Of course, the stories from drivers in either organisation are nearly identical. “After a while, learning the kind of expenses I accumulate I was like ‘Oh, I’m making almost nothing,’” IDG member Jacky Lin told me. “Gas I’ll spend like $1,000. Insurance I’ll spend like $300. Car payments, another couple hundred.” He estimates that, with those various deductions, he takes home a little over $1,000 per month. “Lucky for me I was living at home,” Lin said, “but if it wasn’t for that I don’t think I’d be able to survive.”

Holding two printed-out sheets before a gaggle of reporters at an earlier event in front of the iconic Charging Bull statue, Inder Parmar, a NYTWA member, claimed his earnings had shrunk from $53 an hour when he began driving for Uber to just over $13 an hour now. In reference to the rash of suicides that took the lives of seven for-hire drivers, he said, “if my kids and my family didn’t support me, I would be one of the dead drivers.”

The divide between the two labour groups is largely idealogical: a hardline approach versus one that’s open to meeting the boss halfway. When I asked Lin why he’d opted to join a group that wasn’t willing (or able) to strike, a nearby staffer interrupted, noting that “obviously, if you’re at a rally, you’re not working. So if you want to call it a strike, it really doesn’t make any kind of difference.” And yet what led the spark of protest to travel from Los Angeles to multiple continents arguably wasn’t “not working,” it was the threat of a strike, and all the weight that suggests.

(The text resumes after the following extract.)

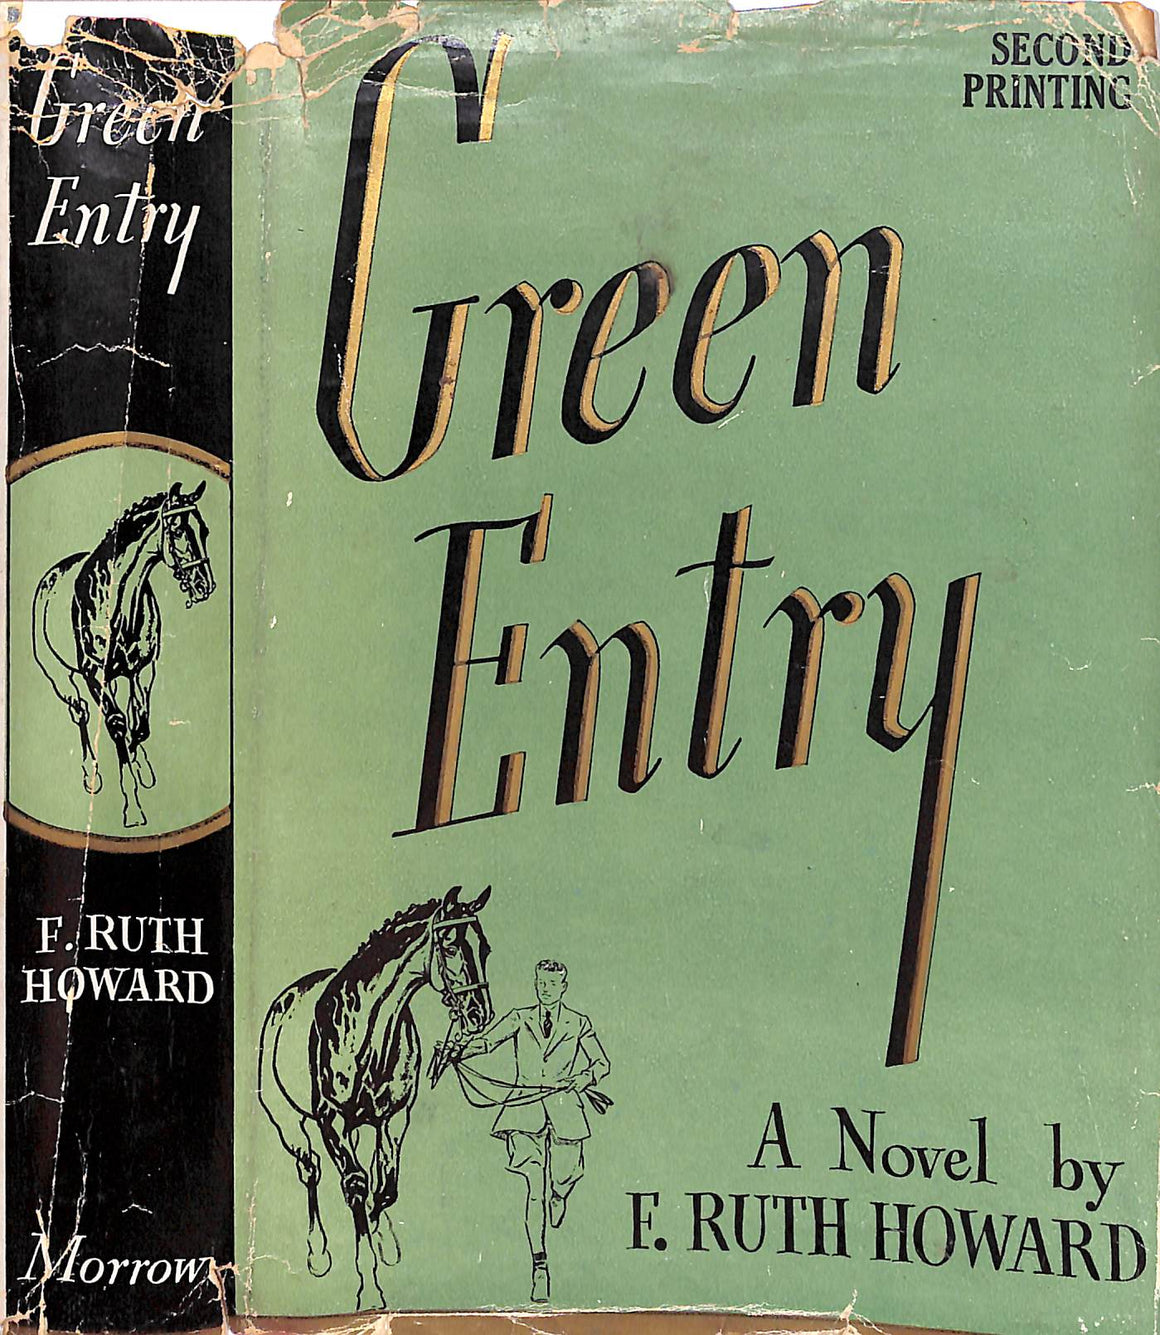 "Green Entry" 1940 HOWARD, F. Ruth

“We know we got to them. That’s the triumph,” Desai told reporters gathered in Queens. “We got into their heads. We messed with them. We punched back, and we showed them that we’re not afraid.”

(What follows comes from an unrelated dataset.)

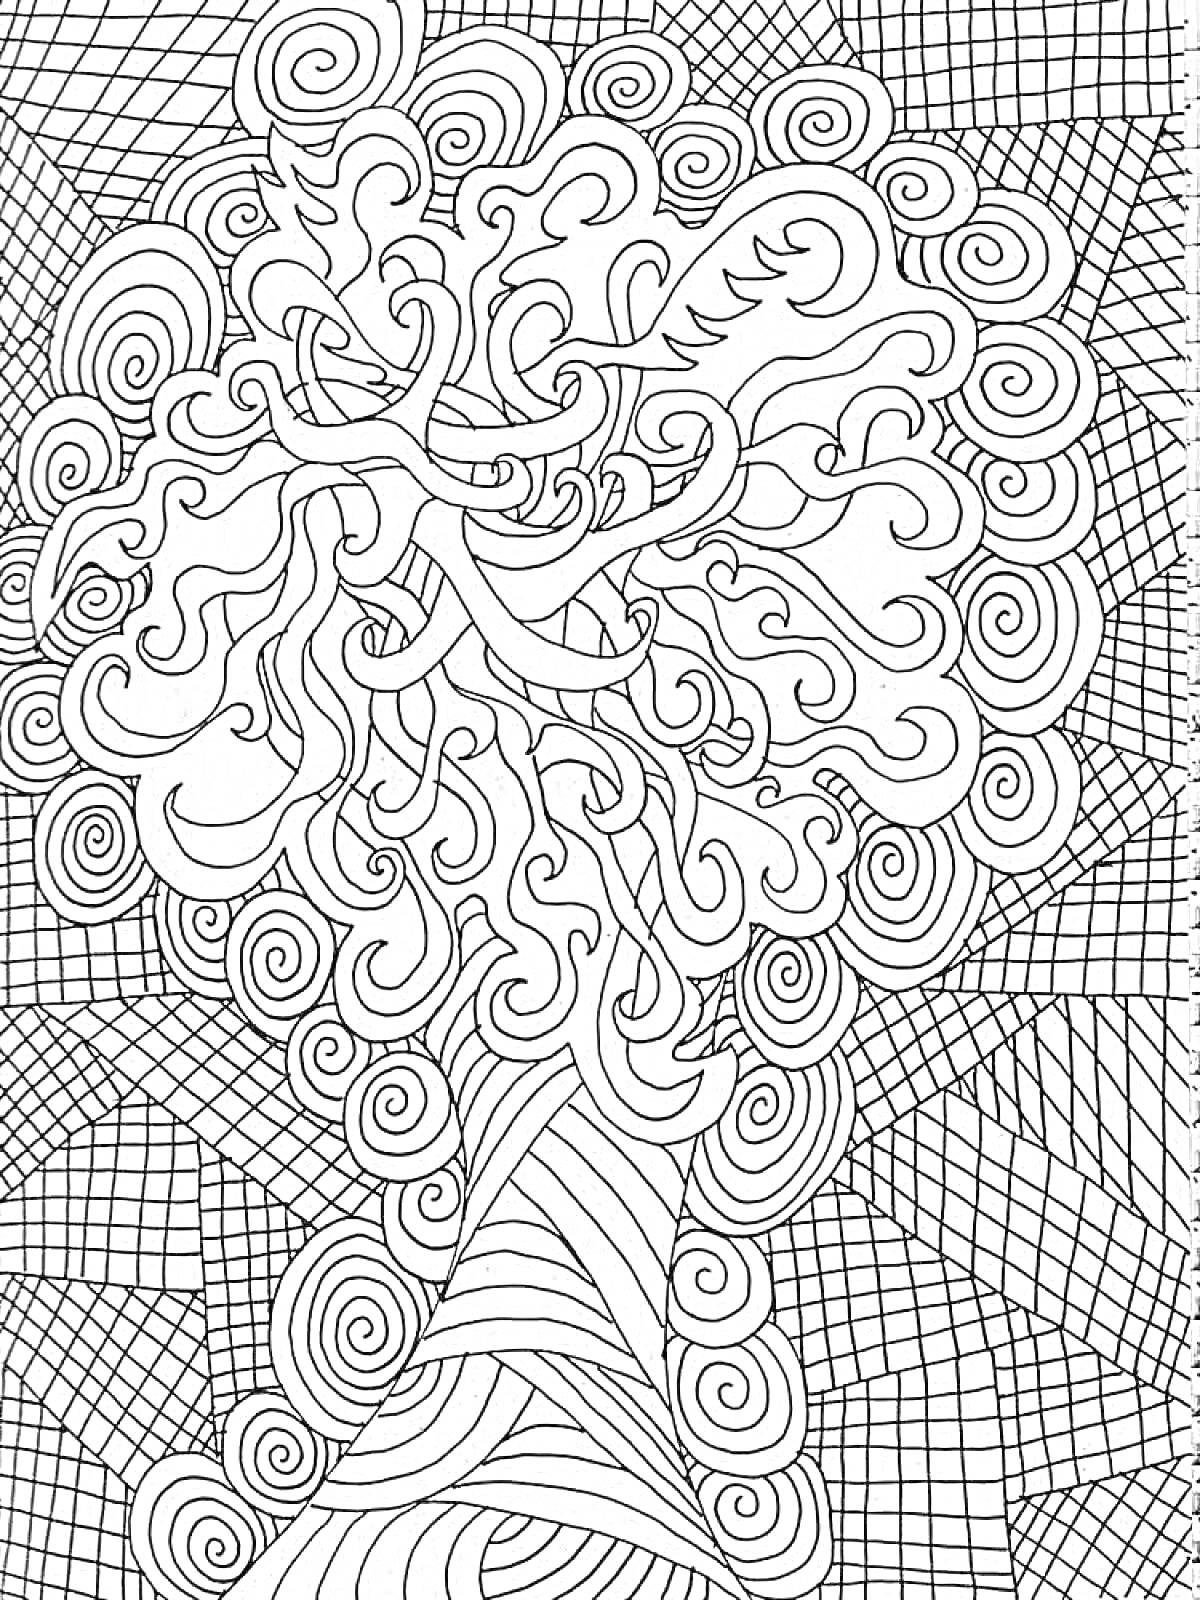 Раскраска Антистресс раскраска с деревом и узорами (волнистые линии и квадраты)

Both groups were adamant that today’s action was just the beginning, which even Uber itself seems keenly aware of. “As we aim to reduce Driver incentives to improve our financial performance, we expect Driver dissatisfaction will generally increase,” the company wrote in its S-1 filing, setting the stage for increasingly widespread outrage. But it’s also the beginning of some very difficult coalition-building for these various national and international groups to agree on and pursue unified demands—or risk losing their own momentum to conflict and confusion.